Fulmen - 4-11-2021 at 11:32

@Brightthermite: To be precise it's a runaway reaction driven by both heat and NOx. Short story:
Certain nitrate esters (like cellulose nitrate) are inherently unstable, very slowly decomposing to water, CO2 and NOx plus heat. The initial rate in pure samples is completely negligible, however heat and NOx promotes further decomposition (evolving more heat and NOx). In small, properly stored samples the heat and NOx will diffuse out too fast to do real harm. But in large amounts (and sealed containers like ammunition) the process can reach runaway conditions. And even if it doesn't self ignite it can cause erratic performance in munitions.

I can't recall any cases where sensitivity was greatly affected, but you should always assume the worse.

Brightthermite - 4-11-2021 at 12:21

@Fulmen thank you clearing up that it doesn't necessarily make the material more sensitive.
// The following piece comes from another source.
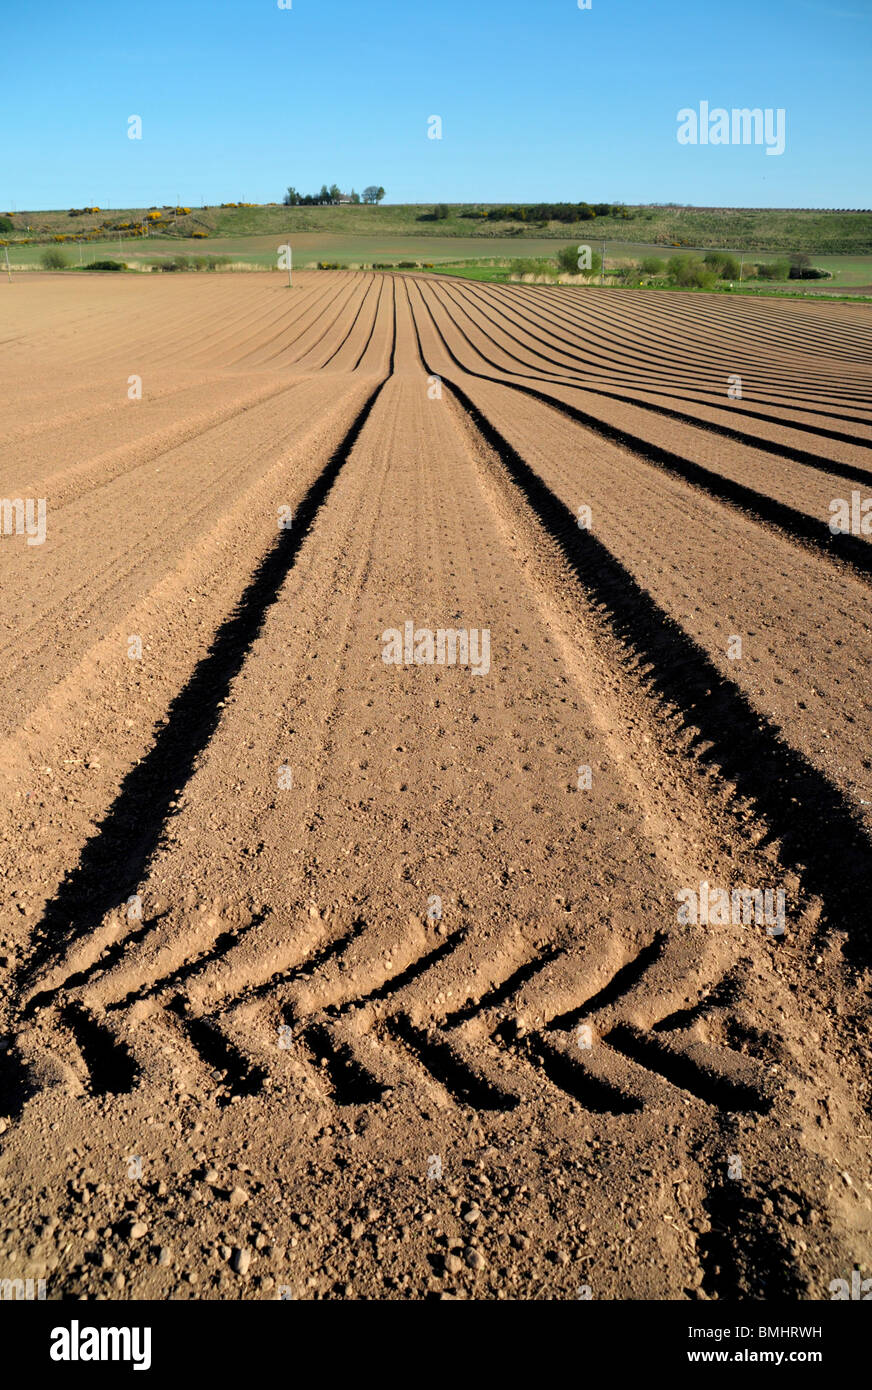 Fields of ploughed and drilled planted soil furrows with tractor tyre tread marks in the foreground. Stock Photo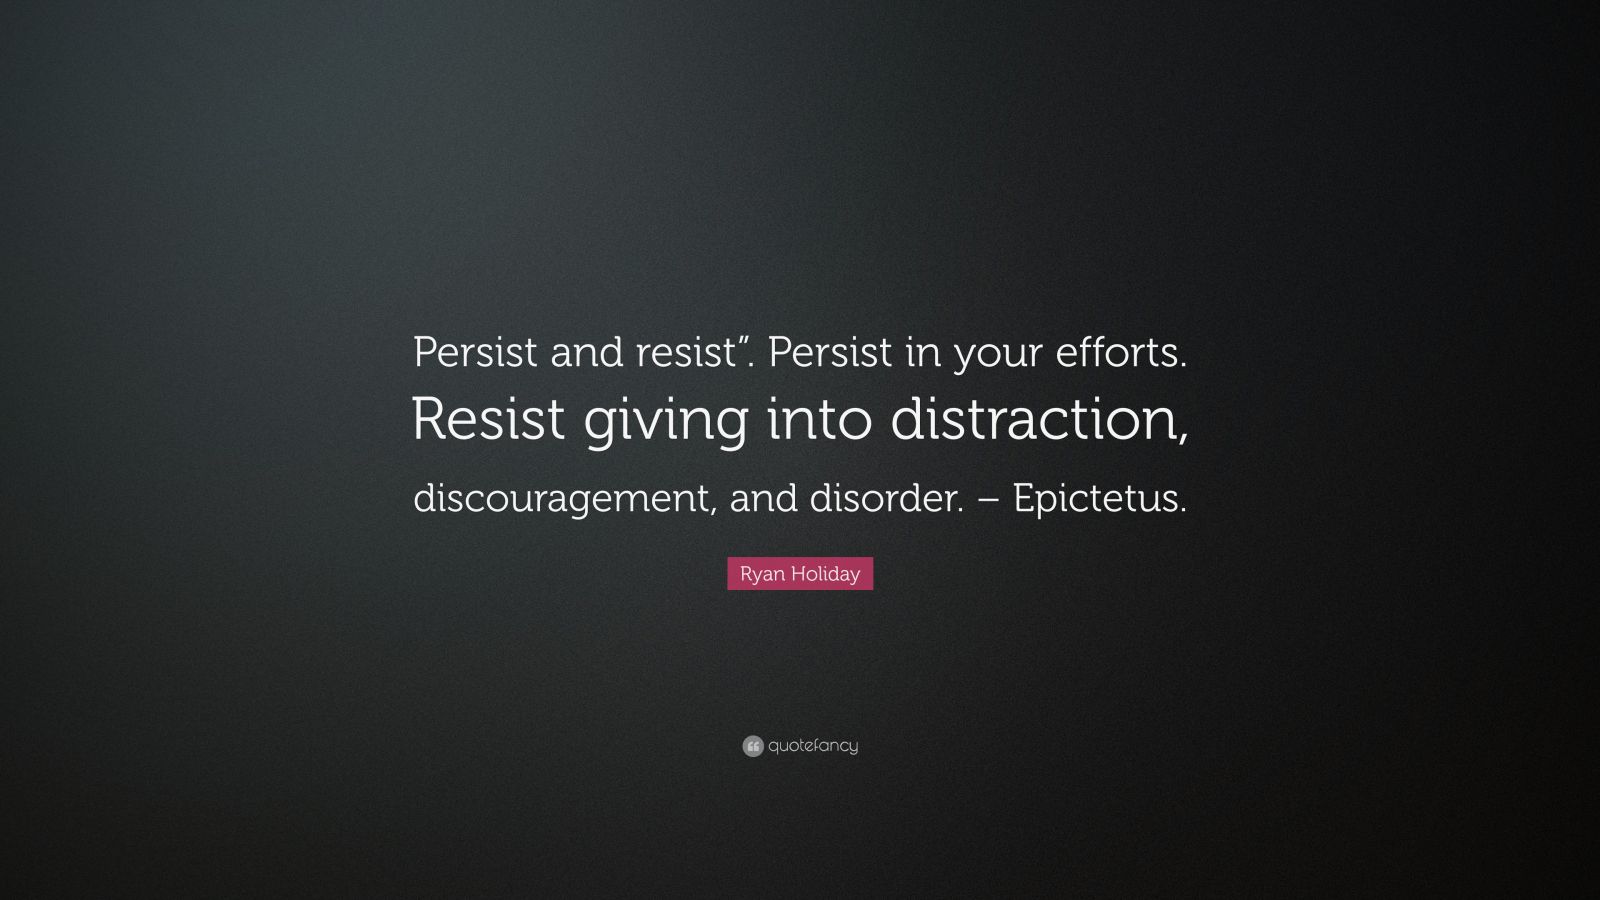 Ryan Holiday Quote: “Persist and resist”. Persist in your efforts ...

I could see how a run away producing heat in a sealed container with fully crystalized explosives could be dangerous.

@Microtek I believe ill try the ammonia, the problem with bicarb in acetone is the solubility is very low. So I think this makes it hard to get the bicarb in contact with the acid. Is there a specific pH you go for when using ammonia? Is the solution of urea how you introduce the scavenger like mentioned above?

Herr Haber - 4-11-2021 at 13:43

Take advantage of the water left after filtering. Dont dry unless you really want to know your yield at that stage. You are getting it wet again soon enough.

Microtek - 4-11-2021 at 13:58

You should only aim for pH 7-7.5 otherwise you risk hydrolysis or other reactions (if you go to higher pH). The intention with the urea is to include just a very small amount in the crystals to scavenge small amounts of NOx (in order to break the autocatalytic feed back loop).

Brightthermite - 4-11-2021 at 17:58

@Herr Haber are you suggesting not to dry in hopes that water will help dissolve the bicarb?

I hope all this helps me get consistently more stable products. I have some samples that are 2 plus years old and showing no signs of decomposition and others that are a half a year and smell of acid. Very frustrating.

Also pure ETN dissolved in any solvent should have a pH of around 7 correct? looking for more way to test purity besides smell.